In a stunning quick change, the refined masterpieces of the Frick Collection have moved five blocks north into the former Whitney Museum at Madison Avenue and East 75th Street, finding themselves temporarily housed in a modern, Brutalist Bauhaus building of rugged concrete designed by Marcel Breuer.
“Frick Madison offers the rare opportunity to view our collections in completely new light and in fresh juxtapositions,” said Ian Wardropper, the Anna-Marie and Stephen Kellen Director of the Frick Collection at the press preview.
Now displayed within the cubic building's minimal, spartan setting are paintings, refined sculptures, bronzes, clocks, and rugs. The sharp edges of grey walls contrast with the richness of the artworks, and, as at the Frick, there are no textual wall labels, so visitors download an app for information about each piece.
The collection is organized geographically, with Northern European painting displayed on the second floor.

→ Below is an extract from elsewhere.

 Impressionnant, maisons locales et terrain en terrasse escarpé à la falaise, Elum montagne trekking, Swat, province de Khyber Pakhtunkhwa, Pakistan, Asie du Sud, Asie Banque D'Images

A rare treat is a small room where three luminous Vermeers depicting quiet domestic life hang on three facing walls, seemingly reflecting each other.

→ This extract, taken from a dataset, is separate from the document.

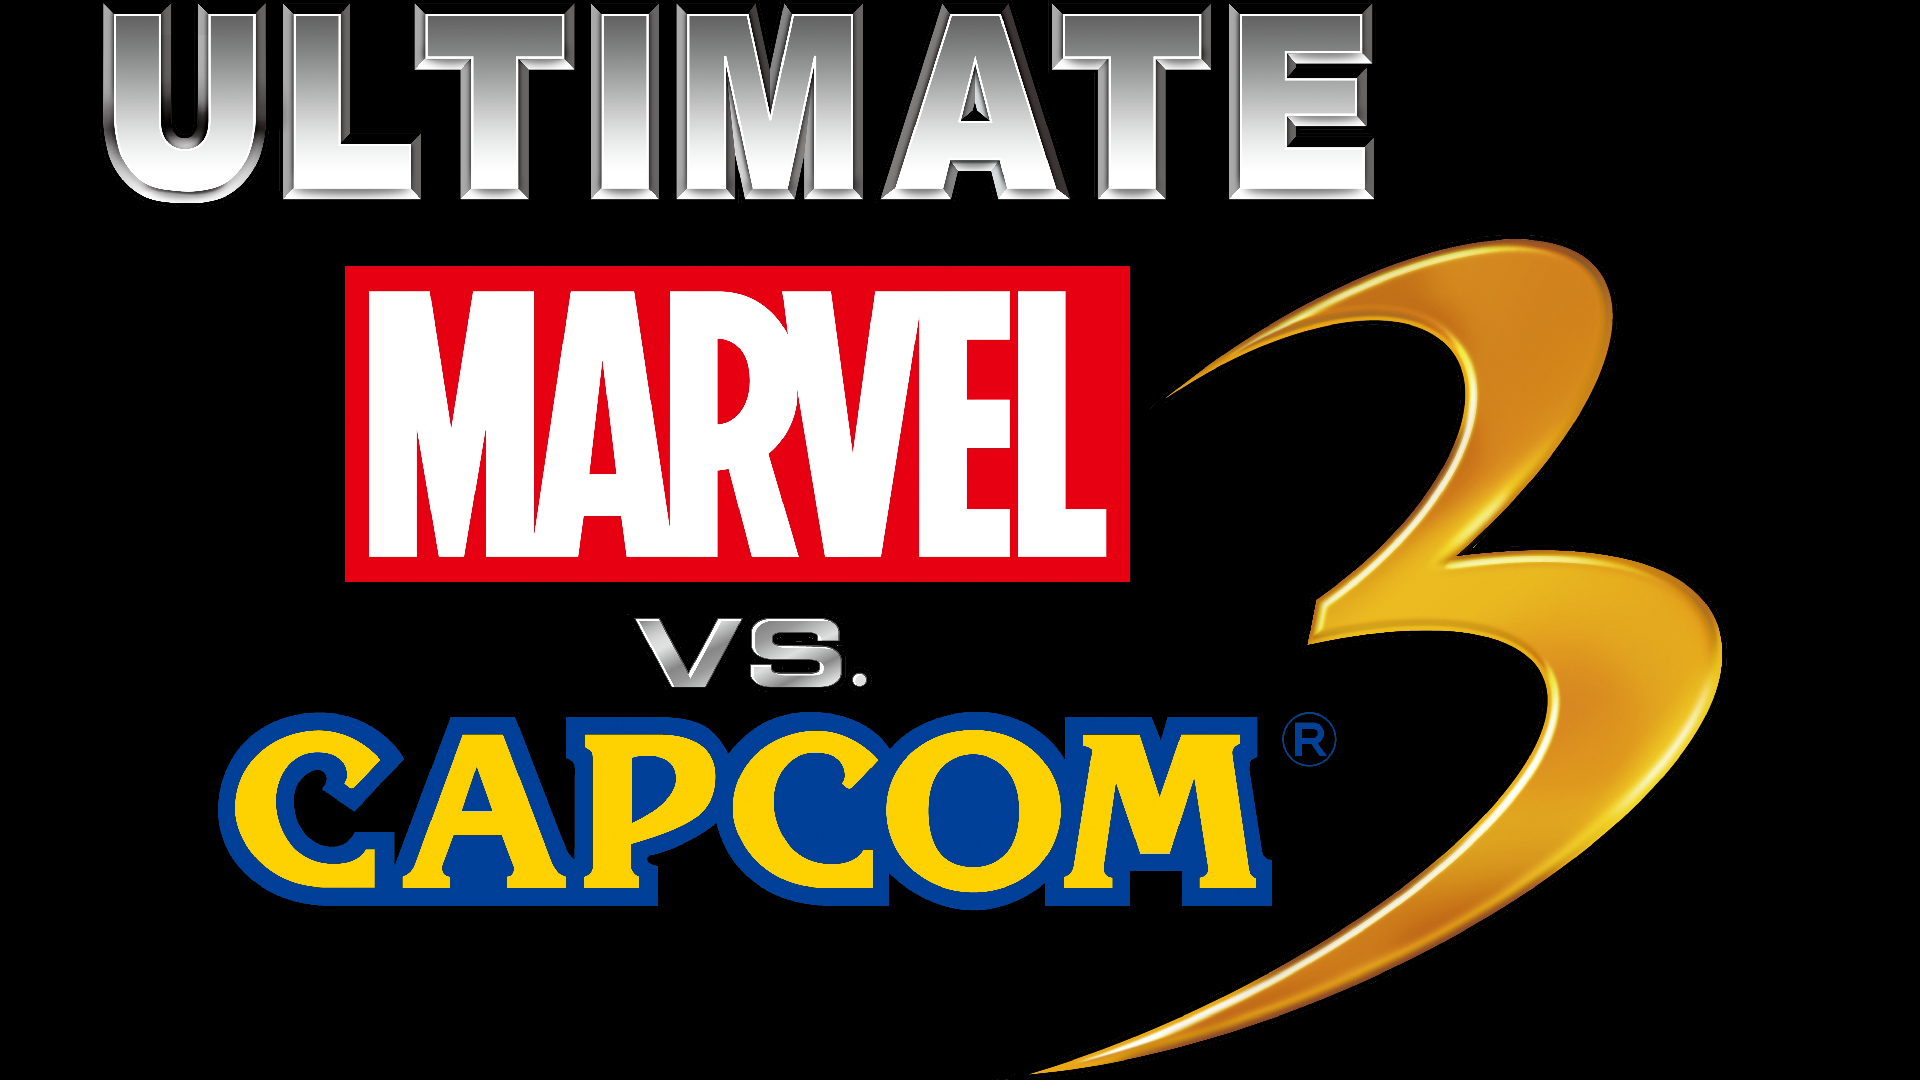 Ultimate Marvel vs. Capcom 3 Logo

One floor above, Italian and Spanish paintings are presented. This floor also includes a porcelain room, its grey walls covered with ornately decorated porcelains from different eras. Striking black Chinese porcelain vases decorated with colorful florals stand on one wall, while another features pretty pink-and-white porcelains that are a mix of German, Austrian, and Chinese in origin.
On the fourth floor are the French and English masters including the Impressionists, which are the most modern works in the Frick Collection. Shown for the first time all together are the 14 paintings which make up The Progress of Love series by Fragonard, four of which were commissioned by Madame du Barry, the last mistress of King Louis XV. In a striking contrast, some of these frothily rosy pictures are hung next to a stark, modern, trapezoidal Breuer window that reveals the brick buildings of Madison Avenue across the street.
Frick Madison is the result of two great American art benefactors. Heiress and sculptor Gertrude Vanderbilt Whitney (1875-1942) established the Whitney Museum of American Art in 1930 with a mission to collect and display the work of living American artists. In 1963, the museum commissioned Hungarian-born Bauhaus architect Marcel Breuer to design its modern building, which housed the Whitney until 2015 when it moved to a spacious new Renzo Piano design in the Meatpacking District. After that the building was briefly the site of a branch of the Metropolitan Museum of Art called Met Breuer.
Its subsequent vacancy now provides a temporary home for the collection of Henry Clay Frick, the Pennsylvania-born industrialist who assembled one of the great private art collections at the turn of the last century. He decreed that upon his death, his Carrère and Hastings-designed Beaux Arts mansion would be open to the public. As that building now undergoes renovation, Frick Madison offers the best of New York, marrying the old and the new.
This inventive installation was organized by the Frick’s curatorial team led by Xavier F. Salomon, Deputy Director and Peter Jay Sharp Chief Curator, with Curator Aimee Ng, Assistant Curator for Sculpture Giulio Dalvit, and former Curator of Decorative Arts Charlotte Vignon, along with the Frick’s exhibition designer Stephen Saitas and Selldorf Architects.